Maybe the favourite bloatware coming with
the device wants to update it instantly.
What can you do to sniff the transfers?
On Windows XP and I'm sorry it's only XP,
there's TraceSPTI, a fantastic tool tracing SPTI
SCSI PassThrough Interface.
So you might think SCSI? I do not have any SCSI
devices, but very much communication is done using
this protocol on Windows. to identify S/ATA
USB devices, especially if they are ATAPI.
On the linux side you might use Wireshark
to trace the communication, because Wireshark
on linux can trace and sniff USB. There are
various other tools like Bushound and so on
to watch communication on buses. But the
problem is they are normally very expensive.
A problem you'll have if you're trying to sniff
the update transfer and reconstruct the image is
that it's like a puzzle. You don't know how to
build the image, and if you're doing it right or not.
If we do not have a firmware yet,
it might get invasive now.
We'll search for serial interfaces, sometimes
they are accesible without opening the device,
sometimes not. Do we have an embedded linux
system? Yes, we can search for a serial console.
Maybe we have to use JTAG, there was a very
good talk on 27C3 about JTAG, serial flash and so on,
so I've included a link here.
So, still no firmware? Get your screwdriver,
let's void warranties.
We open the device and we search for
memory devices on the PCB.
If you have a very old device, maybe you'll
encounter EPROMS or even PROMS, 27-somethings
If it's a little bit newer, you might see EEPROMS
and flash. 28, 29, 39, 49 something and
and the big flash devices with 48-pins for
example with various other names.
Very nice to see is that serial flashes,
those 8-pin devices 25..., sometimes 24...
are more and more becoming the standard.
They are easy to de-solder, easy to re-solder
and there are very cheap readers and programmers
available.
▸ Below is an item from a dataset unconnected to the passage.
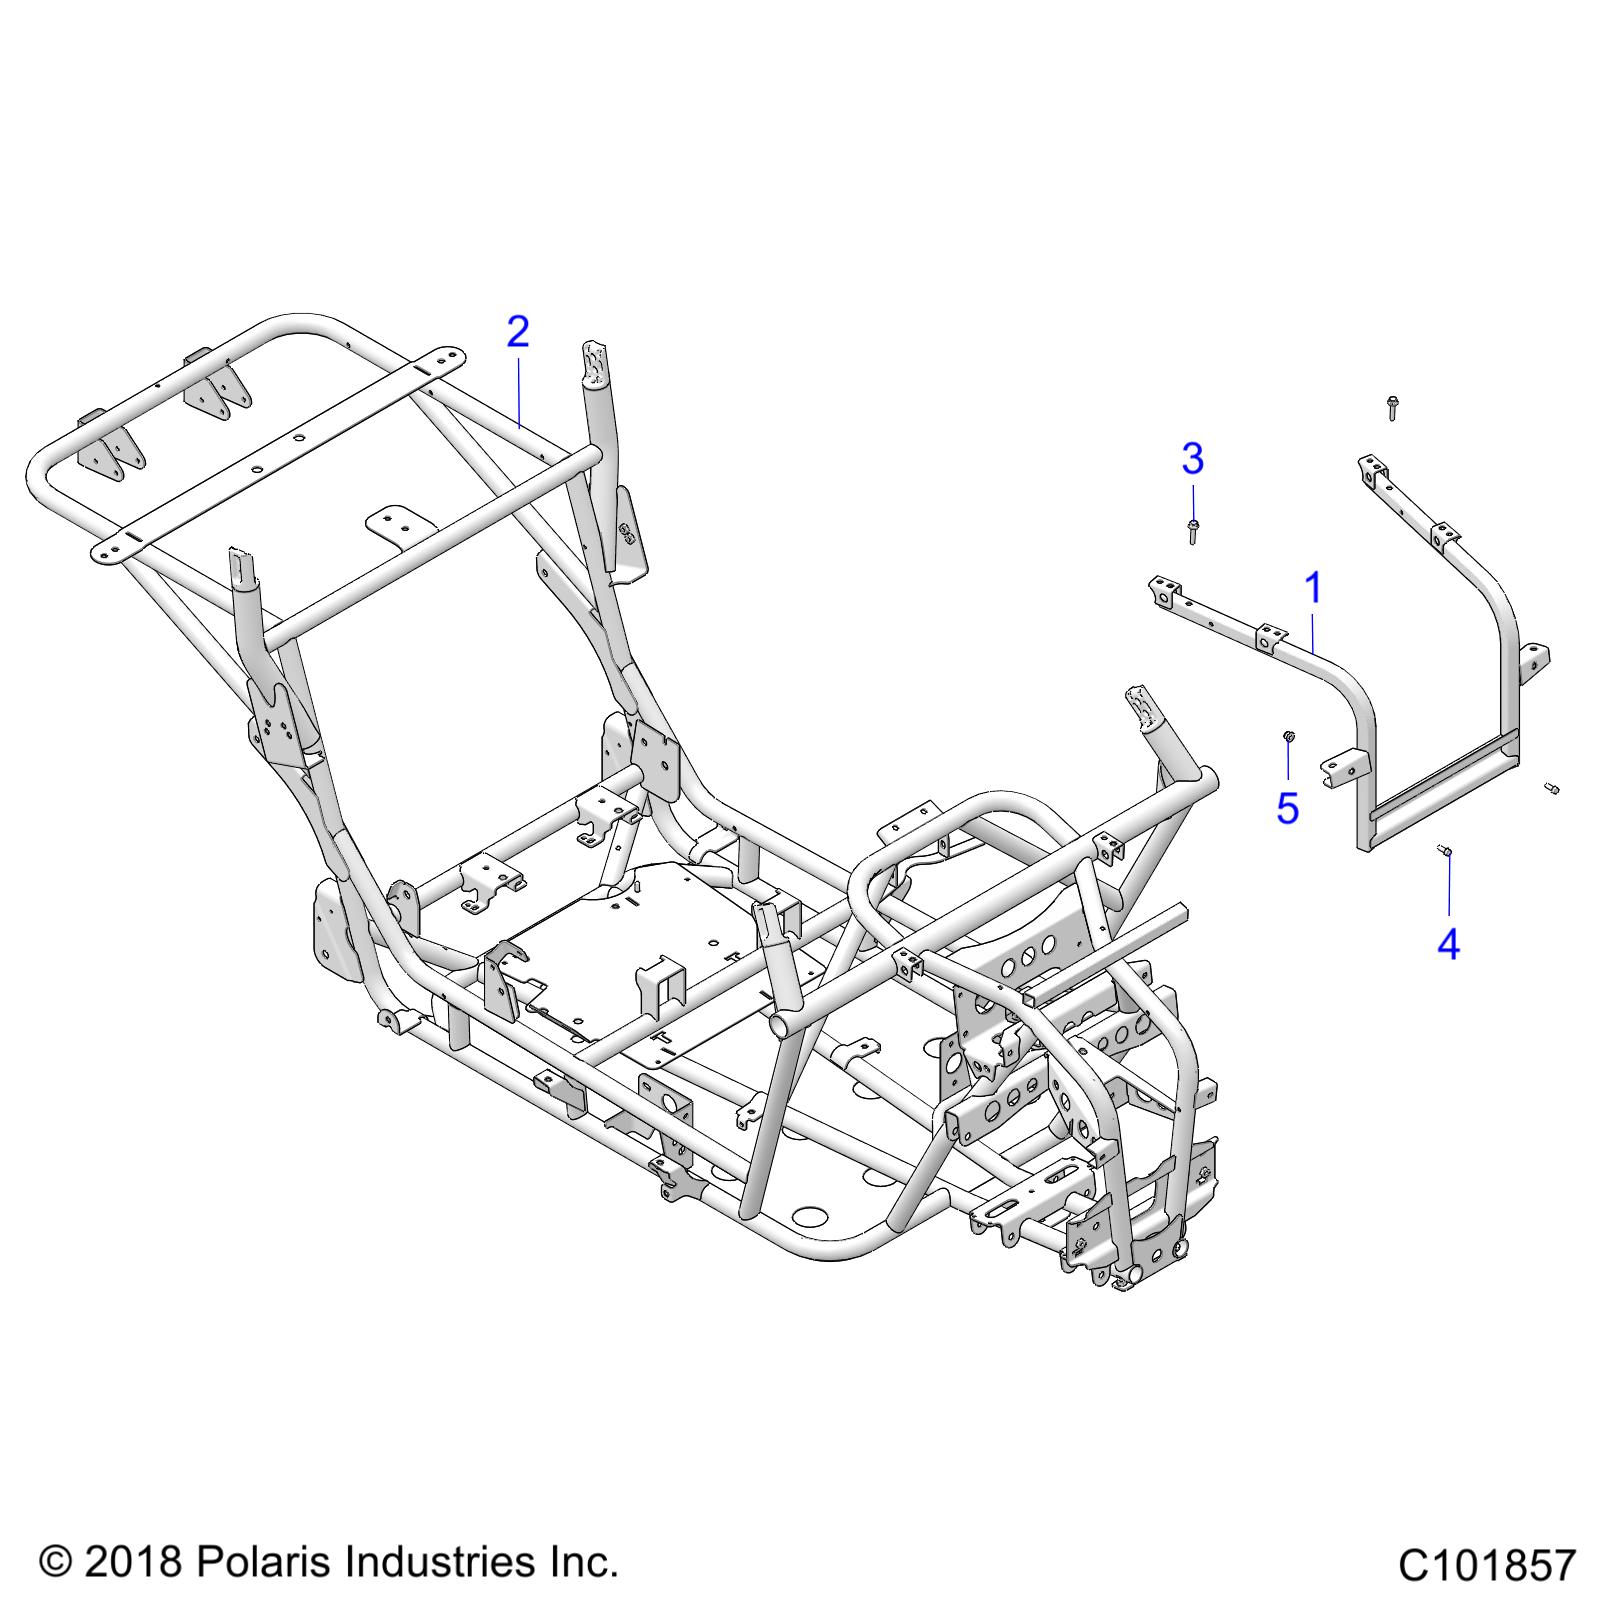 CHASSIS, MAIN FRAME - A20HAB15A2 (C101857)

But please, even if some say we can
do it in system without desoldering the chip,
please don't do it. It can lead to very big problems.
To make it a little bit harder, firmware can be
contained in chip-internal memories.
You can try to use proprietary programming
interfaces to read the firmware, of course JTAG.
Some devices do have bootloaders in a mask ROM.
You can try to use them.
If none of these approaches succeed,
you can try microprobing.
There was a talk on last years congress
about low-cost chip microprobing, I've
included a link here. So just for matter of
completeness I've mentioned CPLDs and FPGAs.
You know CPLDs are built up using internal EEPROMs.
FPGAs, Field Programmable Gate Arrays have internal
SRAM and an external serial configuration flash.
Some years ago they were marketed as being
reverse-engineer proof, okay. Yeah, maybe.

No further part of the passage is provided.